04:22:52 EDT Fri 29 Mar 2024
Enter Symbol
or Name
USA
CA



Titanium Corp Inc
Symbol TIC
Shares Issued 79,967,698
Close 2017-11-21 C$ 1.33
Market Cap C$ 106,357,038
Recent Sedar Documents

Titanium spends $800,000 on R&D in fiscal 2017

2017-11-21 20:40 ET - News Release

Mr. Scott Nelson reports

TITANIUM CORPORATION REPORTS FISCAL YEAR END RESULTS, AND ANNOUNCES ANNUAL GENERAL MEETING DATE

Titanium Corp. Inc. has released its results for the fourth quarter and fiscal year ended Aug. 31, 2017. The company is also pleased to announce that it will hold its annual general and special meeting in Toronto on Tuesday, Feb. 13, 2018, at 10 a.m. The record date for shareholders to receive notice and be entitled to vote at the meeting is Dec. 28, 2017.

The company has made excellent progress on commercialization over the past year.
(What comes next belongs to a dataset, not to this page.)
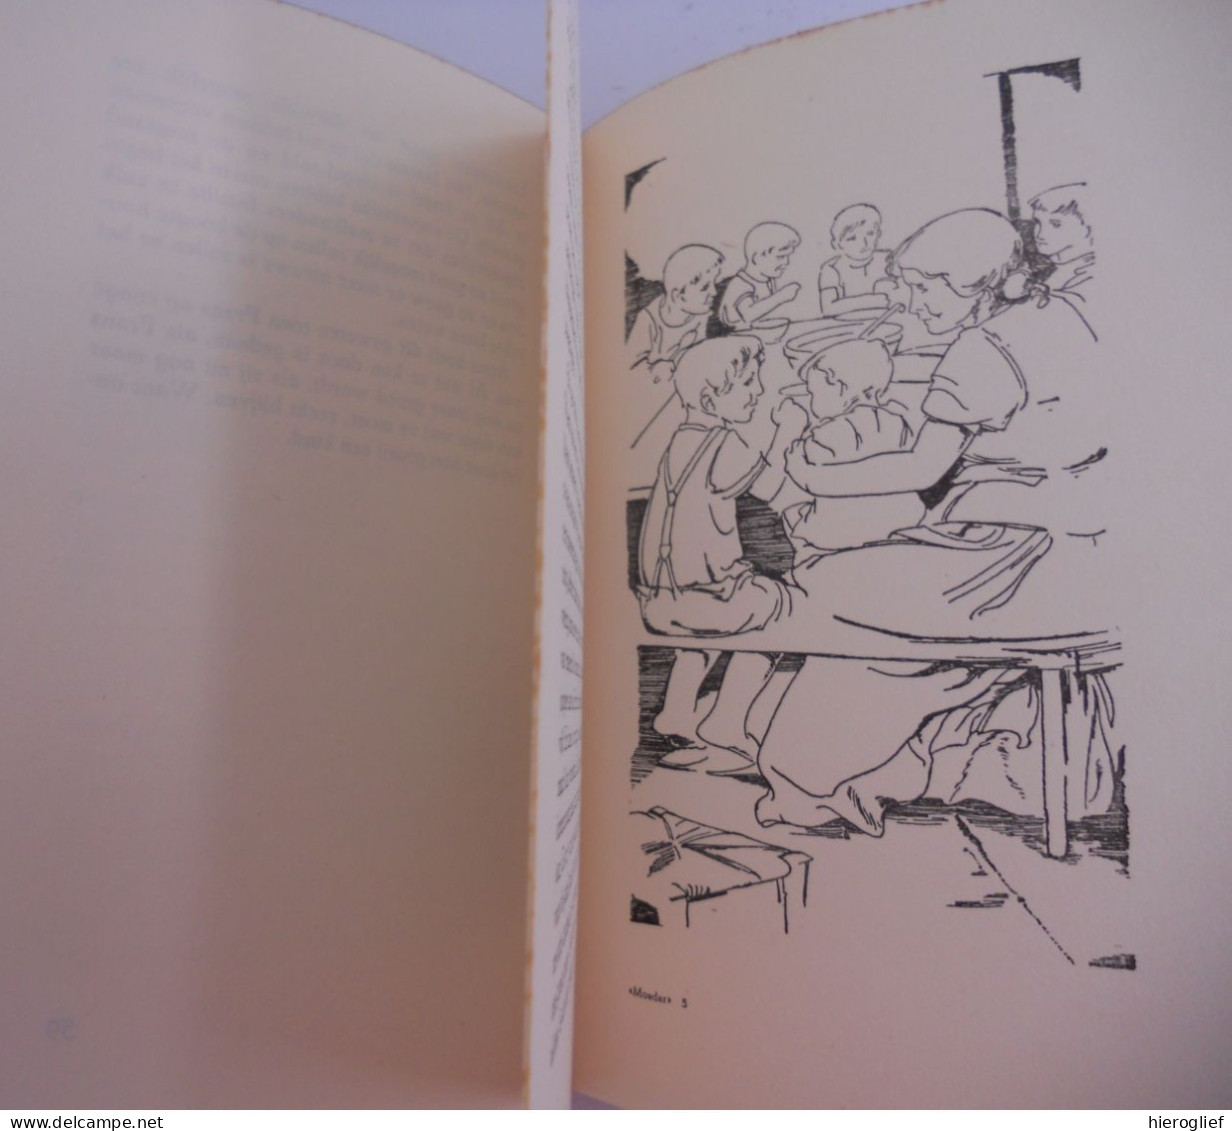 MOEDER door Gerard baron Walschap ° Londerzeel + Antwerpen Vlaams schrijver / 1950 - 1ste DRUK tekeningen Jozef Geerts

The company is now working with Canadian Natural Resources Ltd. on an estimated $10.2-million engineering design project for implementation of its CVW technology at Canadian Natural's Horizon site. To finance the project, government grant funding from ERA (Emissions Reduction Alberta) and financing from Canadian Natural have been committed for up to $5.0-million and $3.7-million, respectively. Over the year, a number of new federal and Alberta funding programs have been announced, and the company plans to apply for future funding as these programs become available. The company also continues to test the application of its technology to additional areas where it has potential to reduce environmental impacts and add value.

"Our company has been working closely with industry and government, making excellent progress toward commercialization over the past year. Work is now well under way on engineering design for deployment of our technology at the Horizon site," commented Scott Nelson, Titanium's president and chief executive officer. "We wish to sincerely thank Canadian Natural and ERA for their confidence in our company and for their significant funding contributions to engineering design."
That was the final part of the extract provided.